Saakshi Bangera, DY Patil School of Biotechnology and Bioinformatics
Microtubules are the constituents of the cytoskeleton that help maintain the shape and structure of a cell as well as mediate intracellular transportation. They essentially are polymers of tubulin units and require post-translational modifications (PTMs) to function correctly. They undergo several modifications like methylation, acetylation and phosphorylation of specific residues. PTMs along with the tubulin codes of isoforms of α- and β-tubulin help microtubules perform various cellular functions. In this study, controlled mutation of SETD2 was done to analyse and understand its role in the working of microtubules.
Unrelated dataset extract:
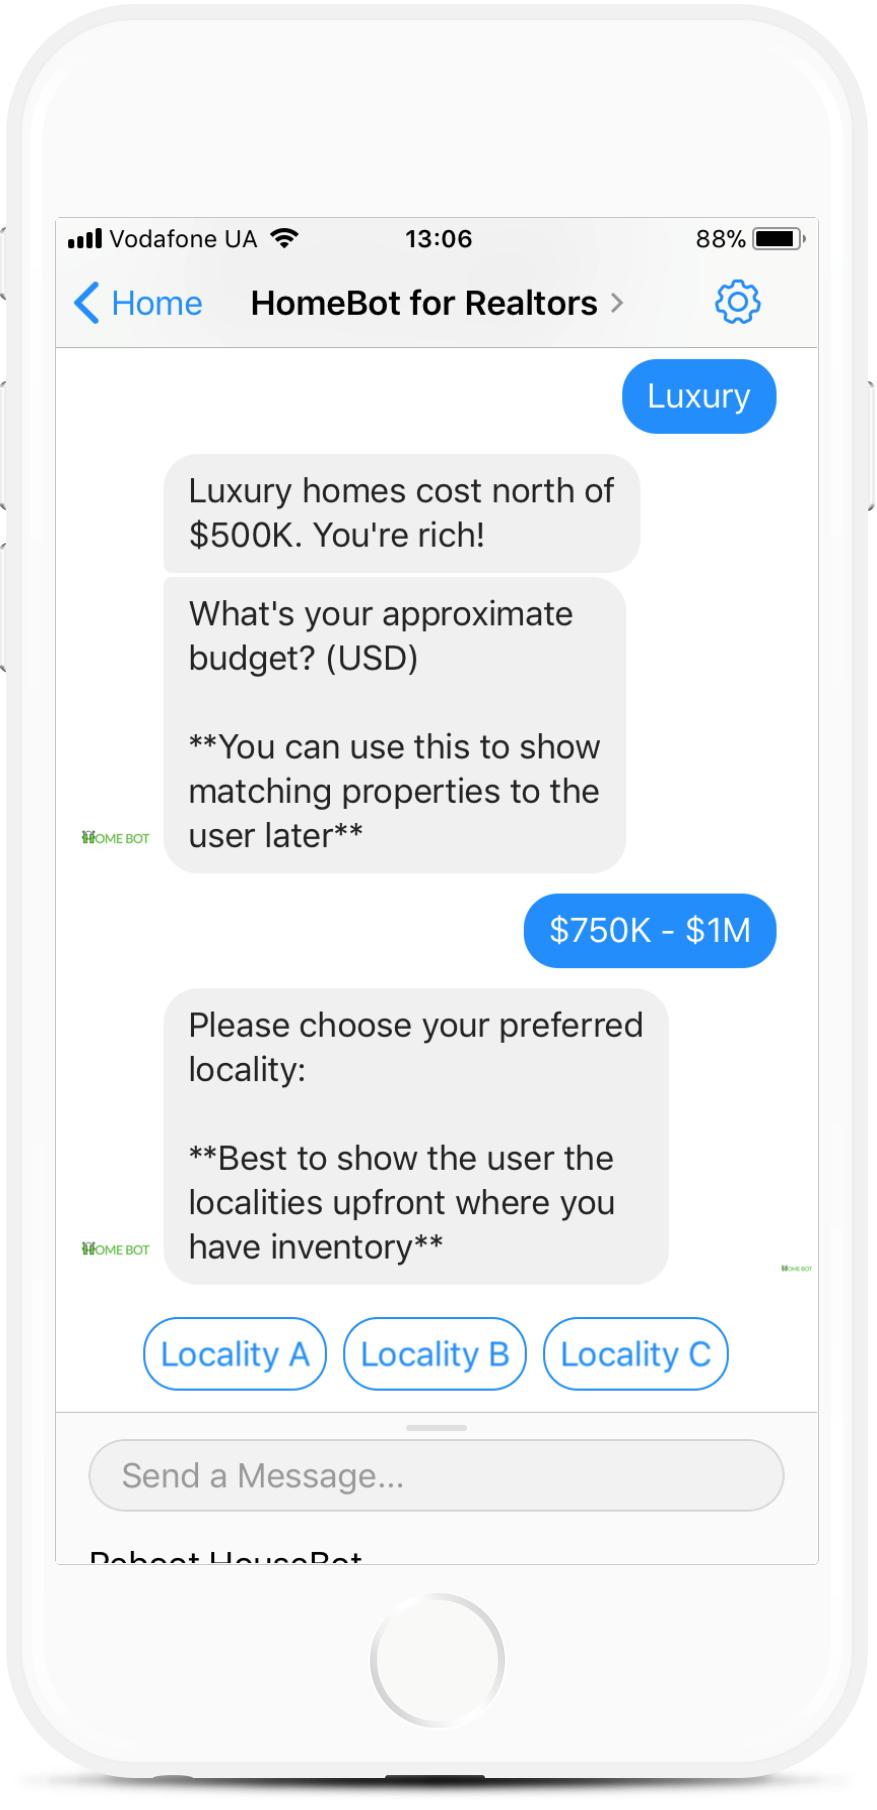 Lead Generation Bot for Realtors Dealing in Homes for $99   #messenger #bottemplates #bots #chatbots #aibots #fbmessenger #botmakers
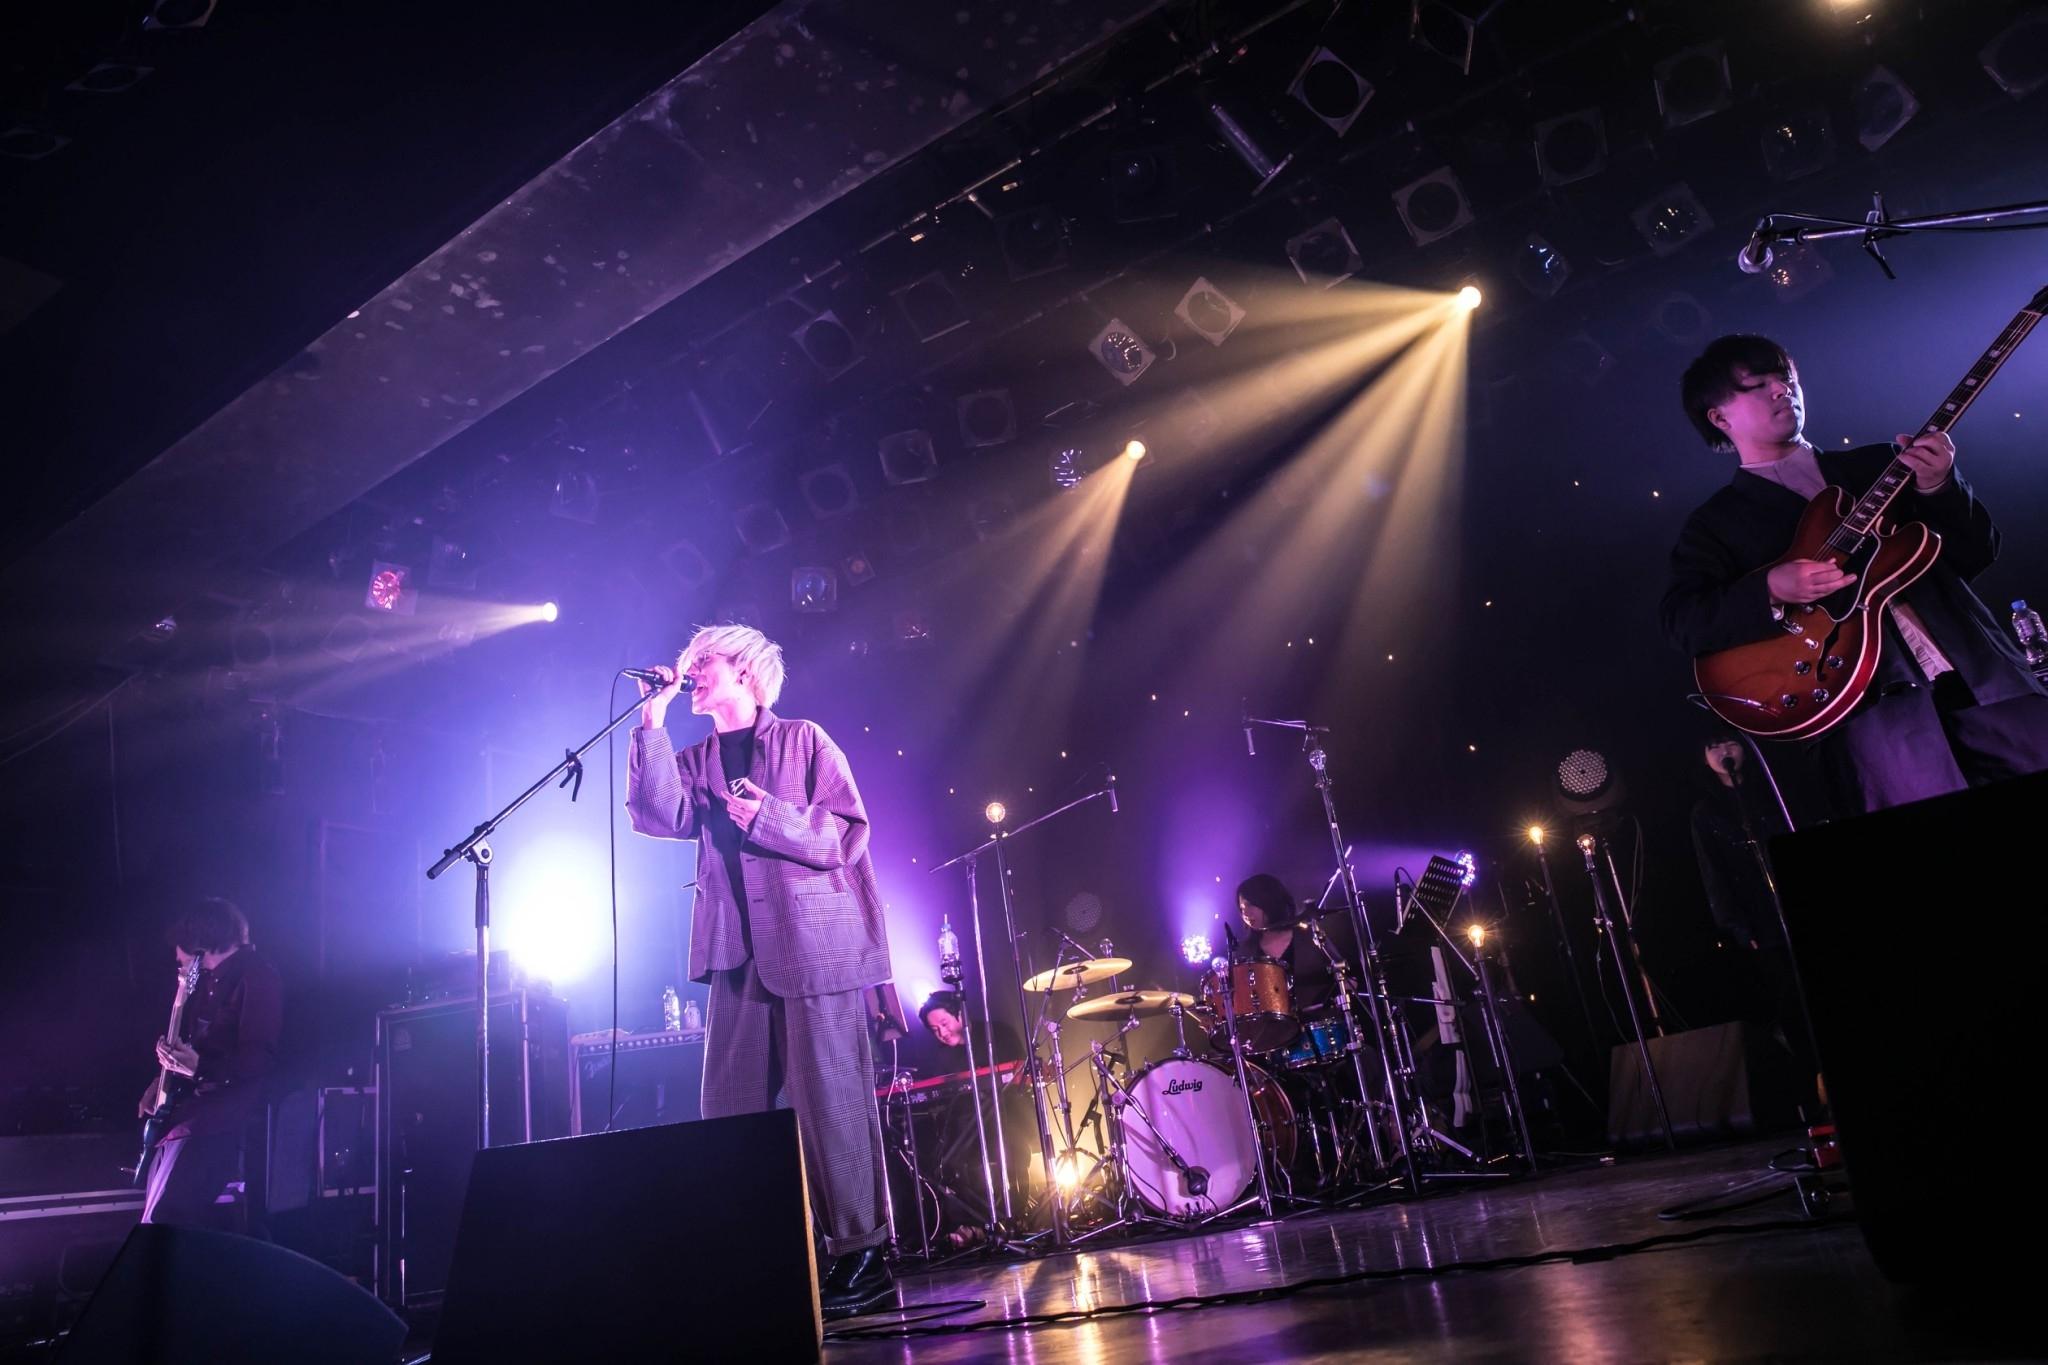 『the quiet room Concept Oneman Live 2020 - グレイトエスケイプ -』ライブ写真  撮影=中山優司

A well-known hypothesis called the ‘tubulin code’ states that certain tubulin isotypes along with a variety of post-translational modifications define the properties and function of microtubules. This concept is analogous to the histone code in chromatin. A crucial contributor of tubulin codes is SETD2 (SET domain containing 2), a lysine methyltransferase dependent on S-adenosyl-methionine. This methyltransferase is responsible for histone-3 lysine 36 trimethylation (H3K36me3) which happens to be associated with gene transcription in chromatin. This ability of SETD2 makes the enzyme unique because, in human cells, there is no such enzyme for lysine 36.
In α-tubulin, SETD2 can methylate the Lysine 40 residue (αTubK40me3). αTubK40me3, in dividing cells, localizes at the negative ends of microtubules that regulate the spindle fibers. Inactivity of SETD2 is problematic because it results in mitotic defects (multipolar spindles, micronuclei), eventually causing reduction of H3K36me3 and αTubK40me3 methylation.
In this report, a truncated version of SETD2 (tSETD2) successfully restored the post-translational modifications (histone and lysine methylation) in cells with inactive SETD2.
Following results were obtained through biochemical analysis
SETD2 methylates tubulin in vitro
A FLAG-tagged version of tSETD2 (tSETD2-FLAG) was introduced to undo the inactivation of SETD2 in mammalian cells. tSETD2-FLAG localized in the nucleus during interphase and scattered throughout the daughter cells.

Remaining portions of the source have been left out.